What's the theory behind computing variance of an image? - opencv

I am trying to compute the blurriness of an image by using LaplacianFilter.
According to this article: https://www.pyimagesearch.com/2015/09/07/blur-detection-with-opencv/ I have to compute the variance of the output image. The problem is I don't understand conceptually how do I compute variance of an image.
Every pixel has 4 values for every color channel, therefore I can compute the variance of every channel, but then I get 4 values, or even 16 by computing variance-covariance matrix, but according to the OpenCV example, they have only 1 number.
After computing that number, they just play with the threshold in order to make a binary decision, whether the image is blurry or not.
PS. by no means I am an expert on this topic, therefore my statements can make no sense.
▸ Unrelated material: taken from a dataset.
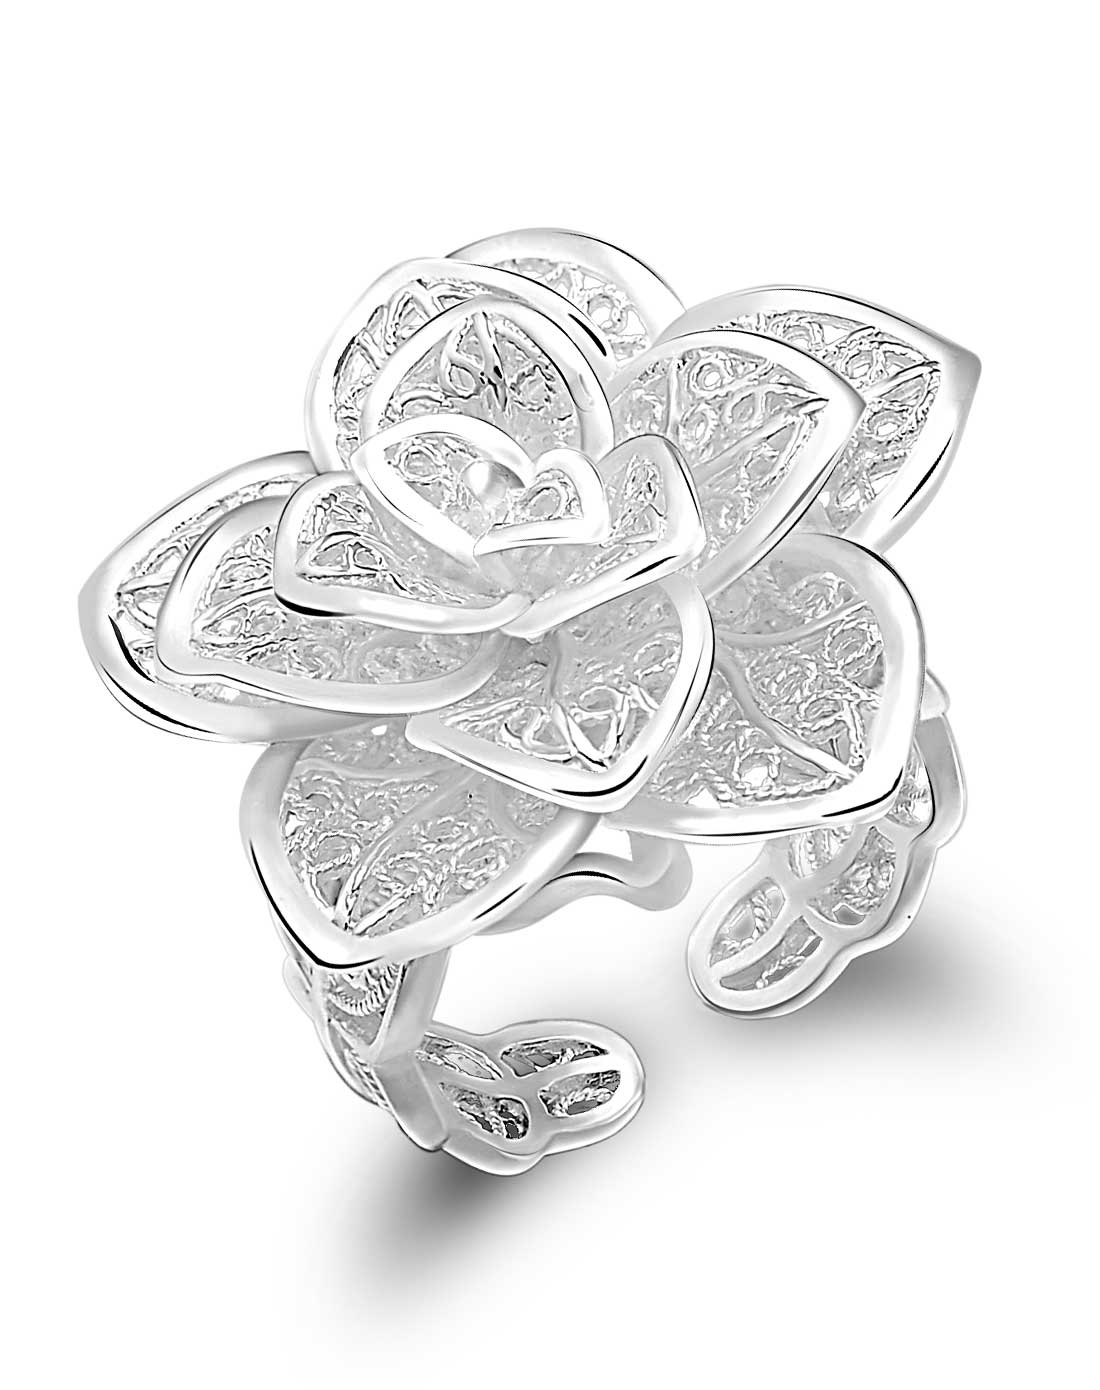 玫瑰纯银戒指

If so, please be nice to edit the question.

On sentence description:
The blured image's edge is smoothed, so the variance is small.
1. How variance is calculated.
The core function of the post is:
def variance_of_laplacian(image):
# compute the Laplacian of the image and then return the focus
# measure, which is simply the variance of the Laplacian
return cv2.Laplacian(image, cv2.CV_64F).var()
As Opencv-Python use numpy.ndarray to represent the image, then we have a look on the numpy.var:
Help on function var in module numpy.core.fromnumeric:
var(a, axis=None, dtype=None, out=None, ddof=0, keepdims=<class 'numpy._globals$
Compute the variance along the specified axis.
Returns the variance of the array elements, a measure of the spread of a distribution.
The variance is computed for the flattened array by default, otherwise over the specified axis.
2. Using for picture
This to say, the var is calculated on the flatten laplacian image, or the flatted 1-D array.
To calculate variance of array x, it is:
var = mean(abs(x - x.mean())**2)
For example:
>>> x = np.array([[1, 2], [3, 4]])
>>> x.var()
1.25
>>> np.mean(np.abs(x - x.mean())**2)
1.25
For the laplacian image, it is edged image. Make images using GaussianBlur with different r, then do laplacian filter on them, and calculate the vars:
The blured image's edge is smoothed, so the variance is little.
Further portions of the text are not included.